The market further rallied due to continued interest in large and mid-cap stocks on the exchange by investors rebalancing their portfolios for the year-end.

Yesterday, Aluminium Extrusion sustained its upward trajectory after it further appreciated by 9.96 per cent to N14.90, as Austin Laz gained 9.81 per cent to close at N2.91, Custodian Investment improved by 9.69 per cent to N38.50, and First Holdco soared by 9.35 per cent to N50.30.

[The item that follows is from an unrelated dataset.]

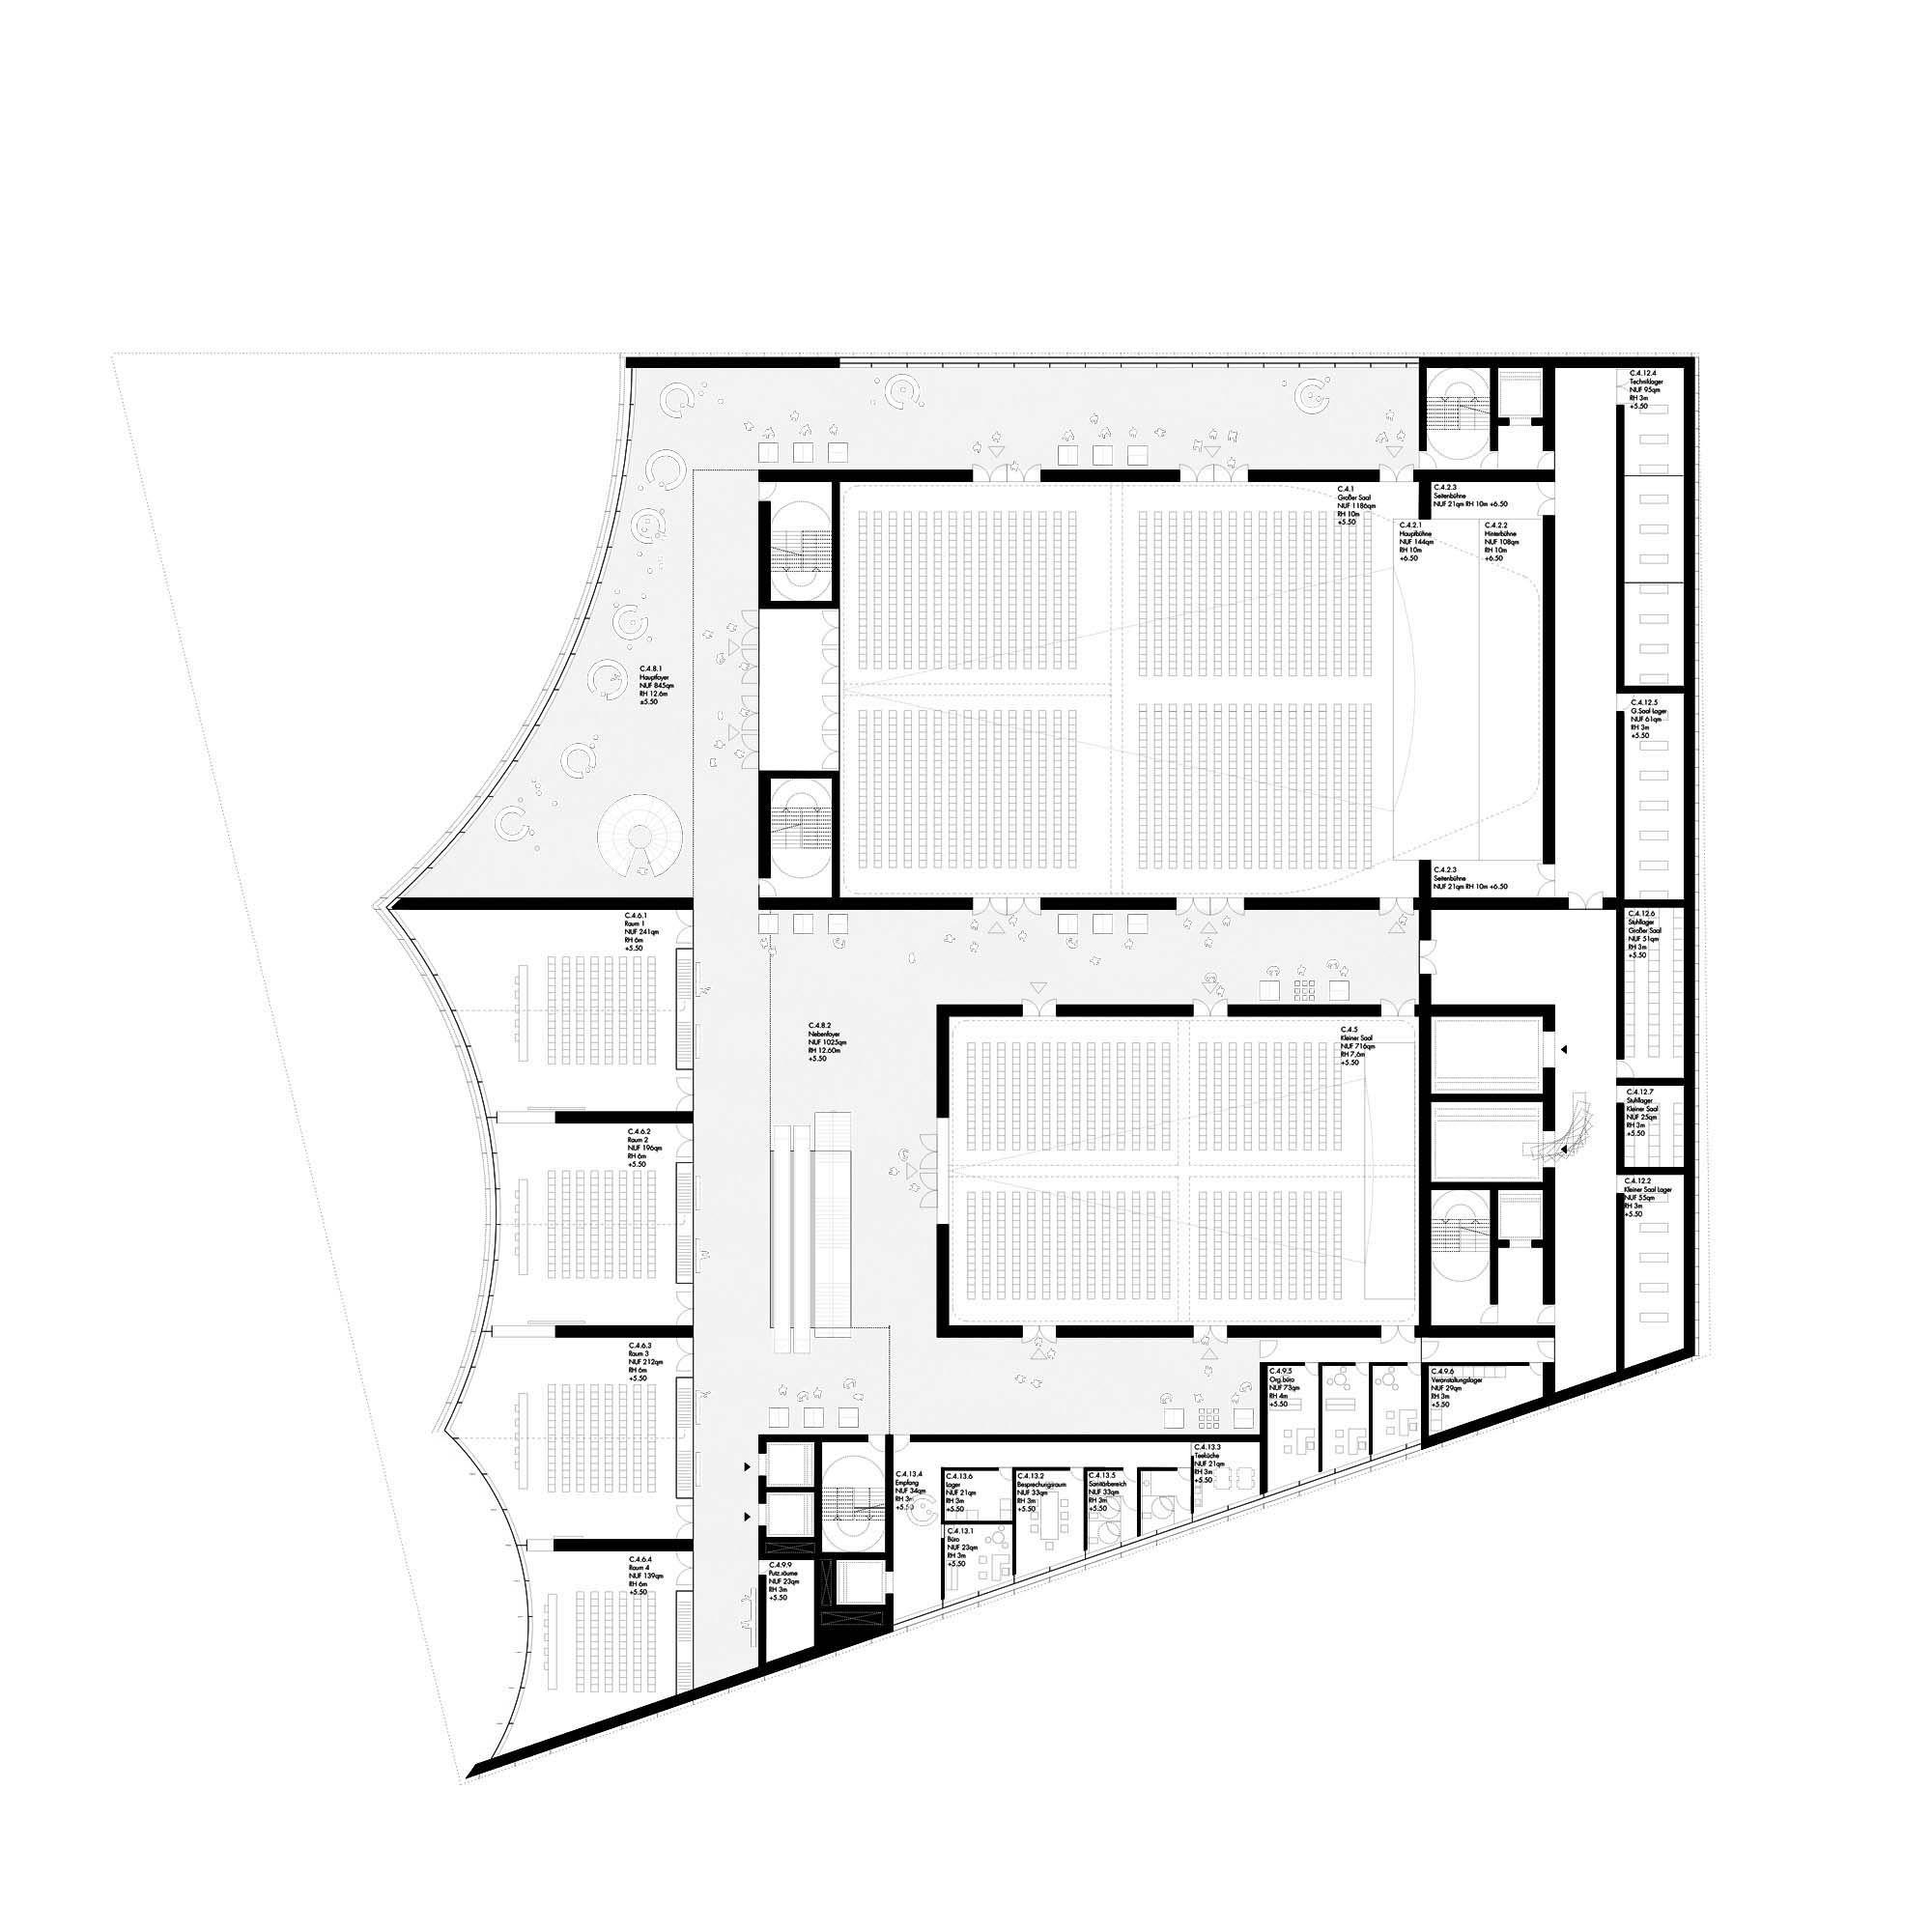 2. Preis Grundriss, © Nieto Sobejano Arquitectos (mit

Conversely, Royal Exchange declined by 7.22 per cent to N1.80, Champion Breweries shrank by 6.57 per cent to N15.65, NASCON lost 5.36 per cent to trade at N105.05, Sovereign Trust Insurance depreciated by 5.28 per cent to N3.77, and Japaul went down by 4.51 per cent to N2.33.

At the close of business, 29 shares ended on the gainers’ table and 27 shares finished on the losers’ log, representing a positive market breadth index and bullish investor sentiment.

This raised the All-Share Index (ASI) by 895.06 points to 153,354.13 points from 152,459.07 points and lifted the market capitalisation by N579 billion to N97.772 trillion from the previous day’s N97.193 trillion.

VFD Group finished the day as the busiest stock after it recorded a turnover of 192.0 million units worth N2.1 billion, GTCO exchanged 63.5 million units valued at N5.6 billion, Access Holdings traded 49.8 million units for N1.0 billion, First Holdco sold 45.8 million units valued at N2.3 billion, and Secure Electronic Technology transacted 38.3 million units worth N28.4 million.

In all, market participants bought and sold 677.4 million units valued at N20.8 billion in 27,589 deals compared with the 451.5 million units worth N13.0 billion traded in 33,327 deals on Monday, showing an improvement in the trading volume and value by 50.03 per cent and 60.00 per cent apiece, and a shortfall in the number of deals by 17.22 per cent.